[YOUR ASSIGNMENT] For this exercise, copy exactly the lines below from the one with "رئیس شرکت Falcom" through the one with "vanmoof-e-bike-pokerbank/" and leave out the pictures.

[EXERCISE DATA]
= Beginning of Section =
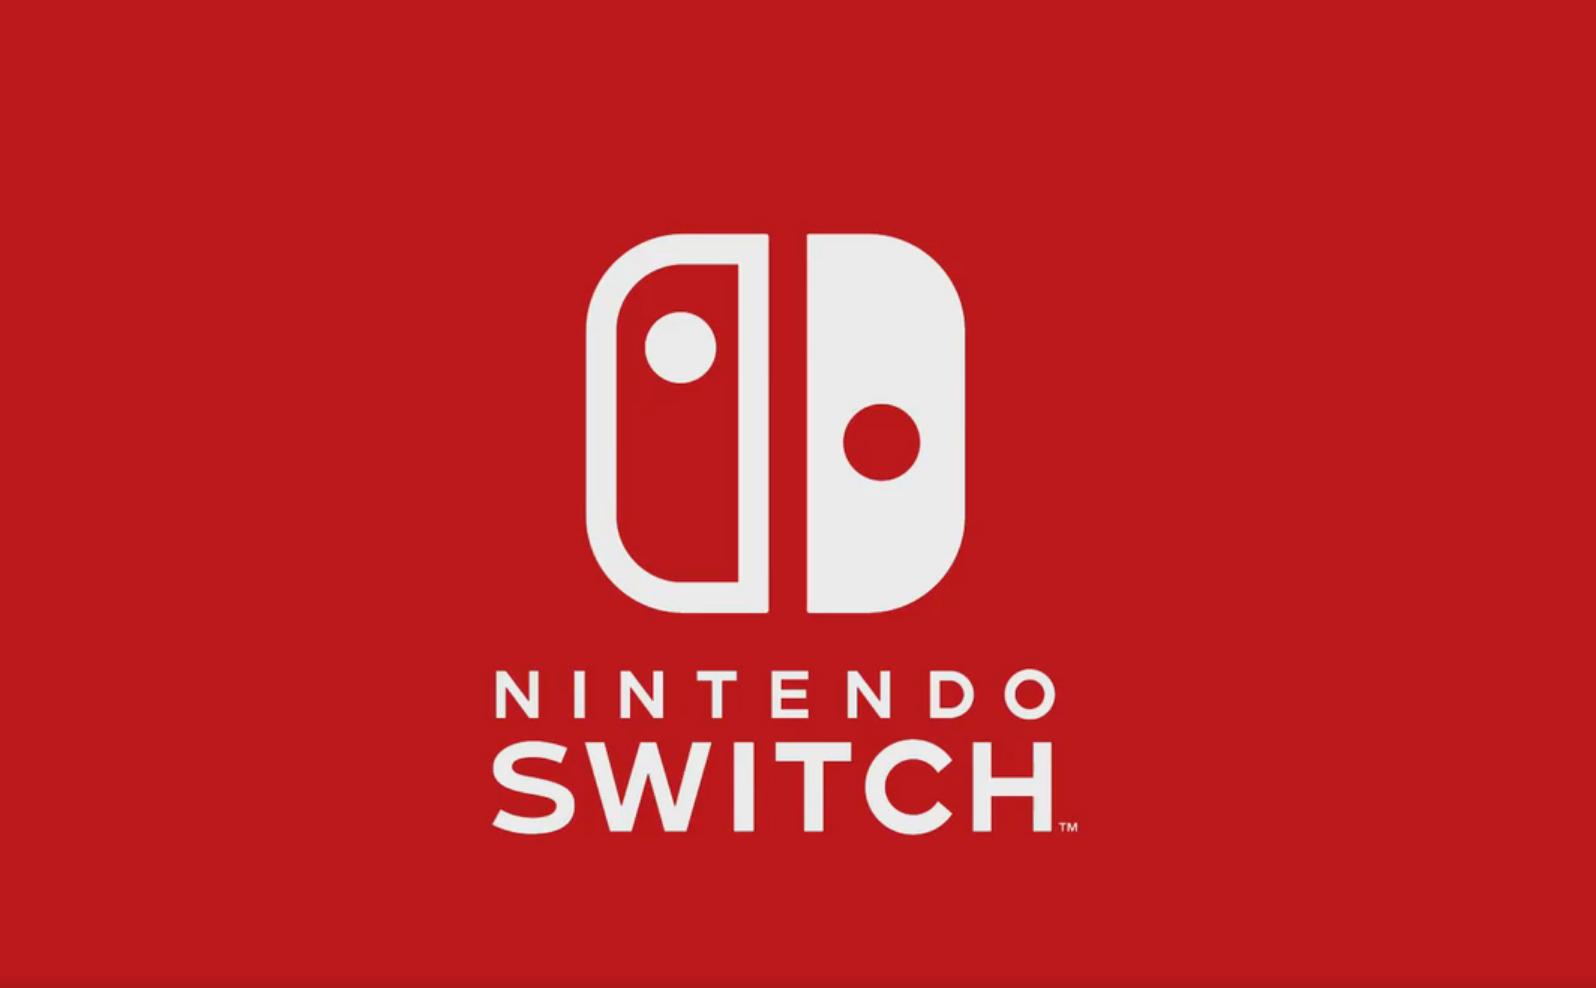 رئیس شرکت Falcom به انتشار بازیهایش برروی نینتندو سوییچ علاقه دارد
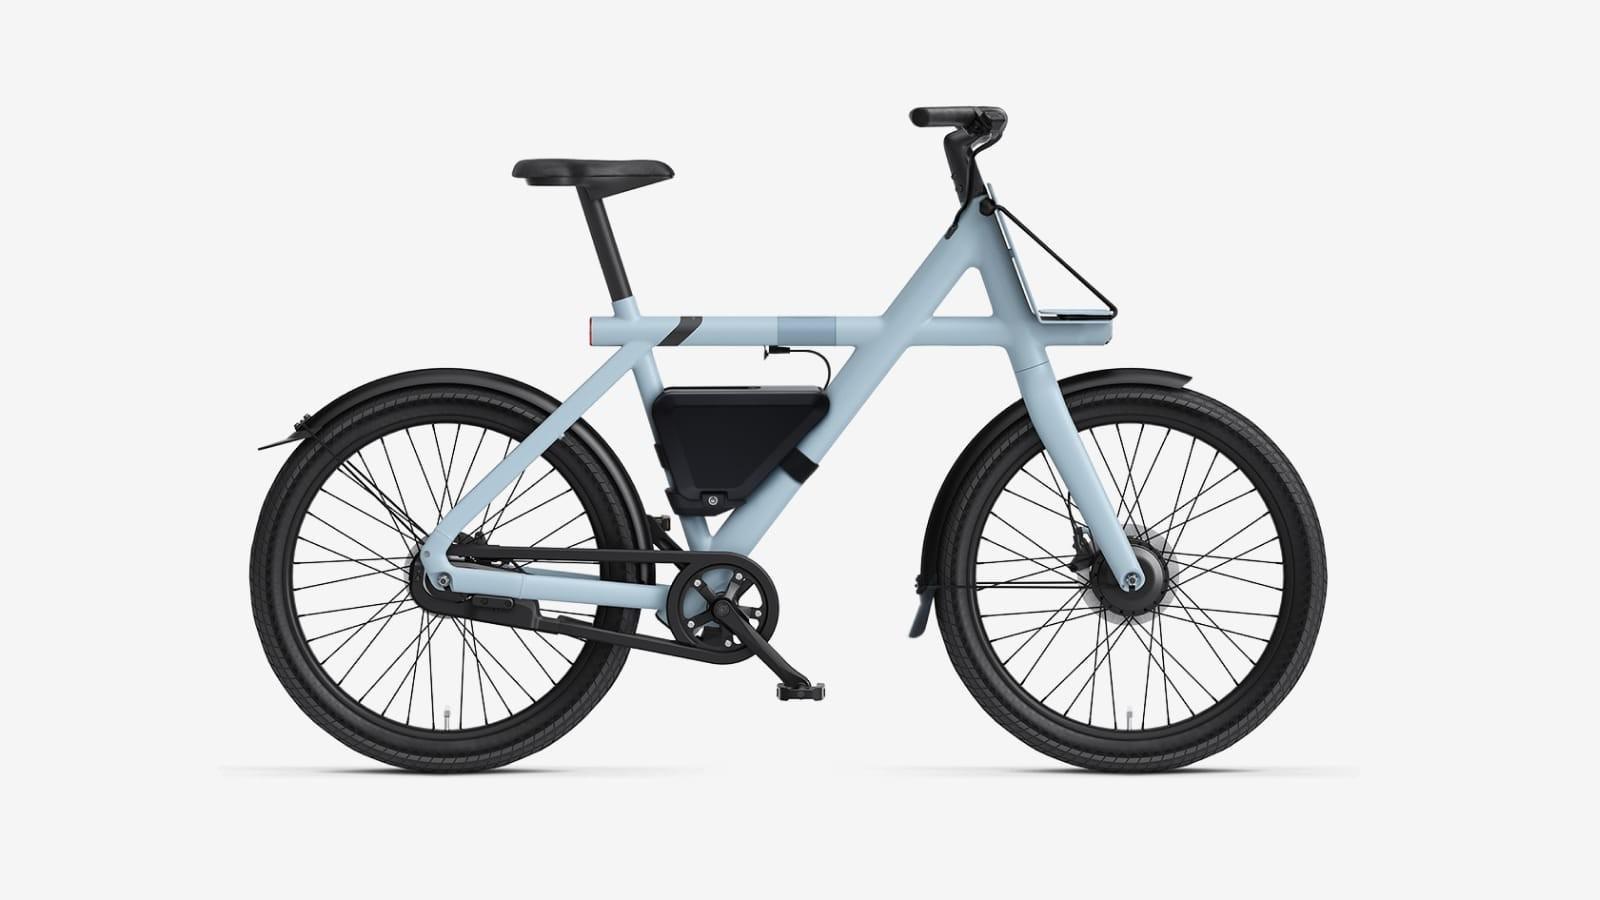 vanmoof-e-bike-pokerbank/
= End of Section =
= Beginning of Section =
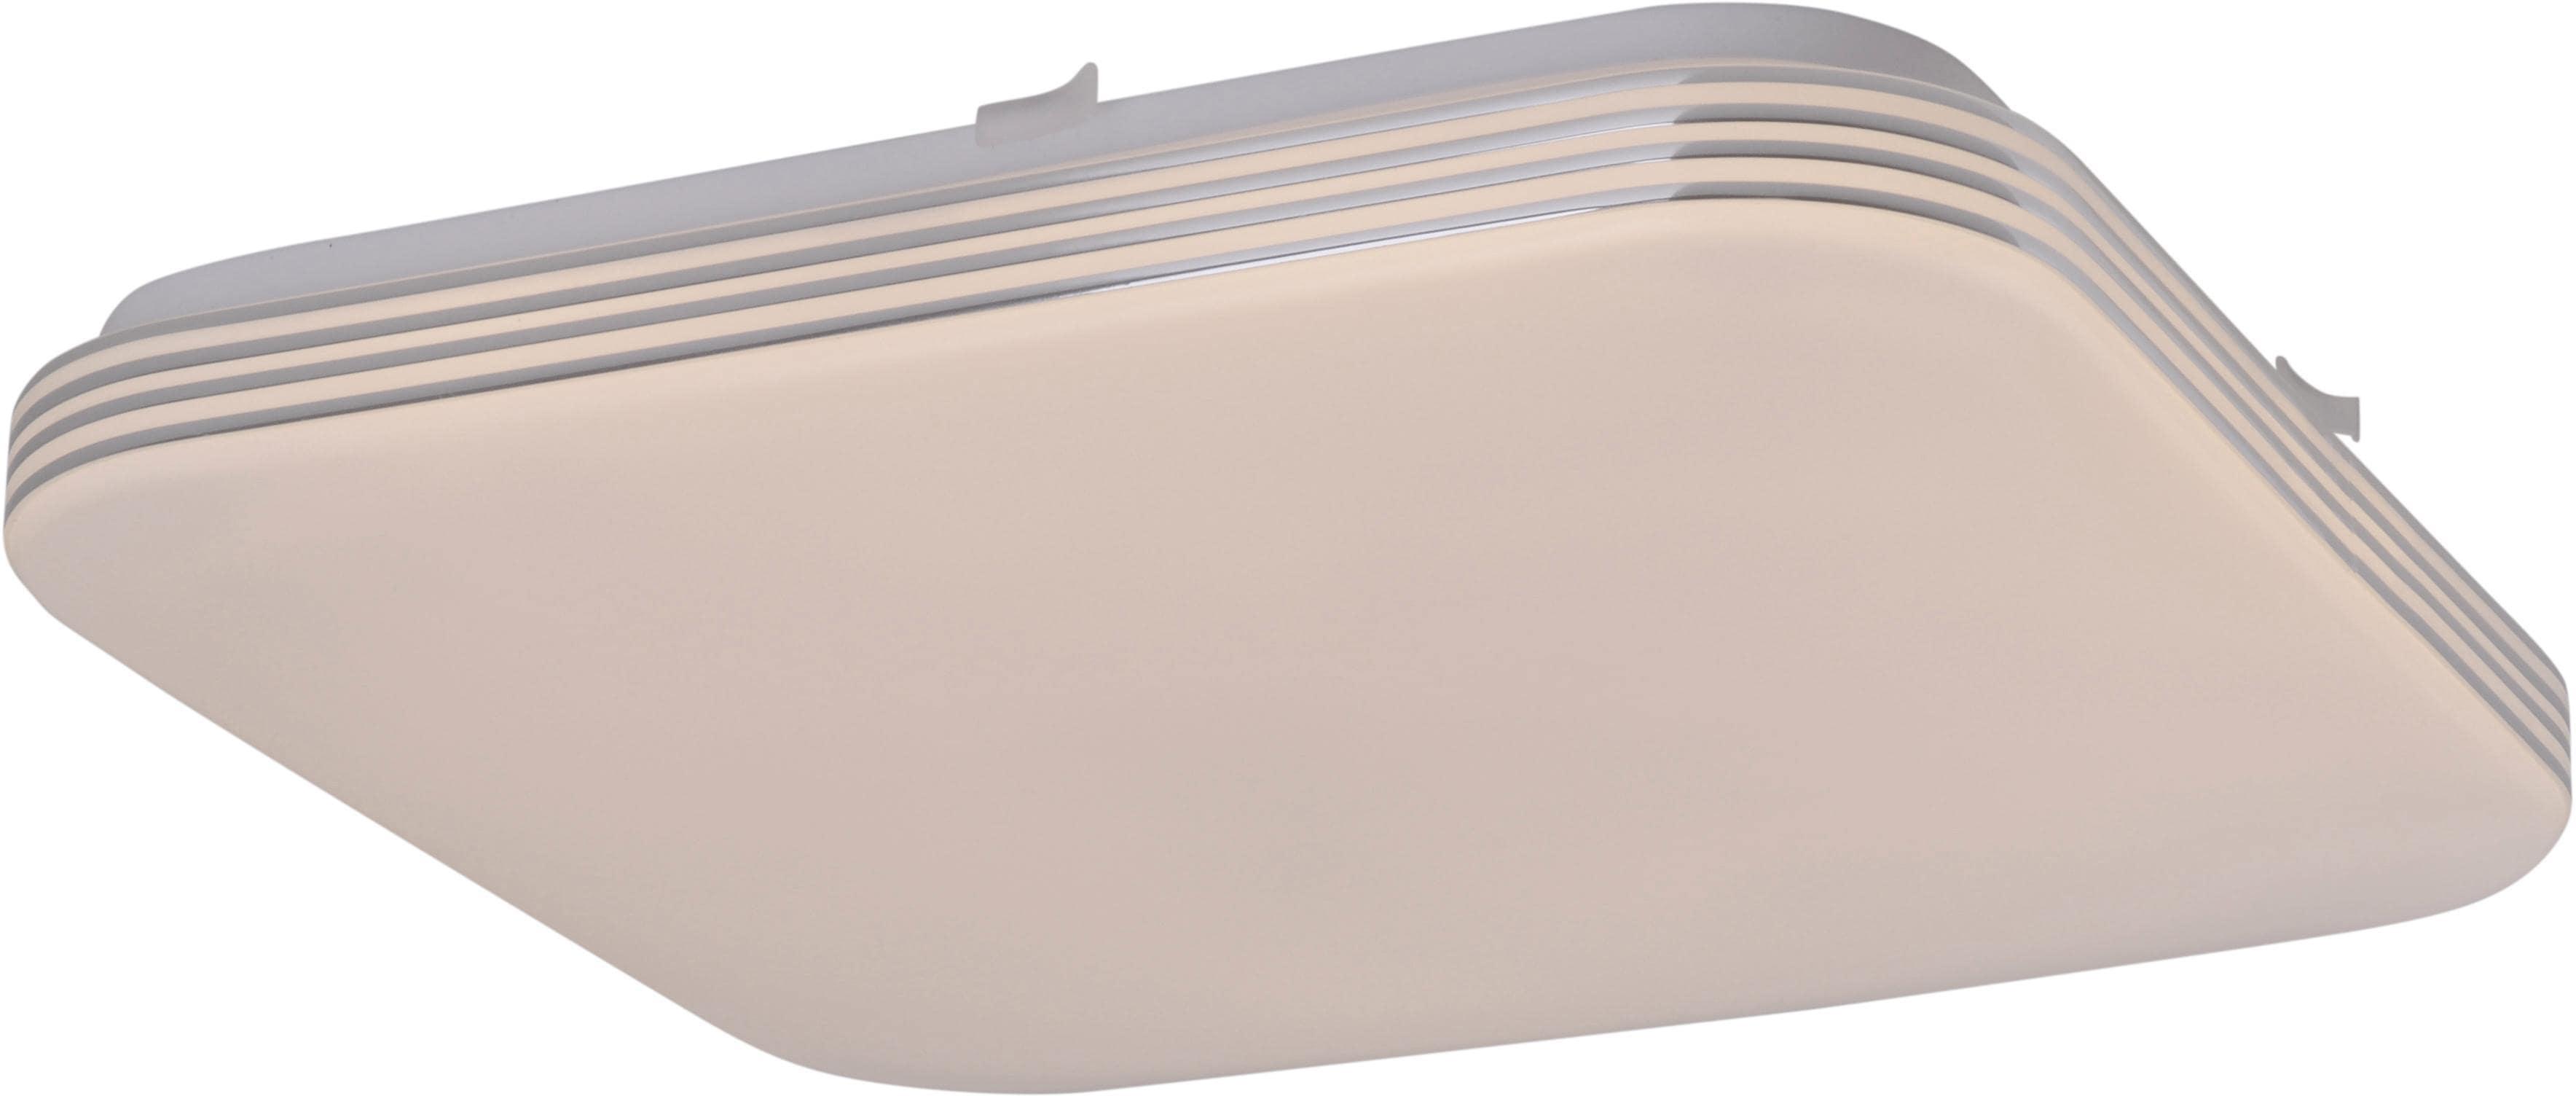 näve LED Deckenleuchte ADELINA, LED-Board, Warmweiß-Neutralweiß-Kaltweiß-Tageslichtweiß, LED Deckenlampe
= End of Section =
[RESPONSE TO THIS TASK]
 رئیس شرکت Falcom به انتشار بازیهایش برروی نینتندو سوییچ علاقه دارد
 vanmoof-e-bike-pokerbank/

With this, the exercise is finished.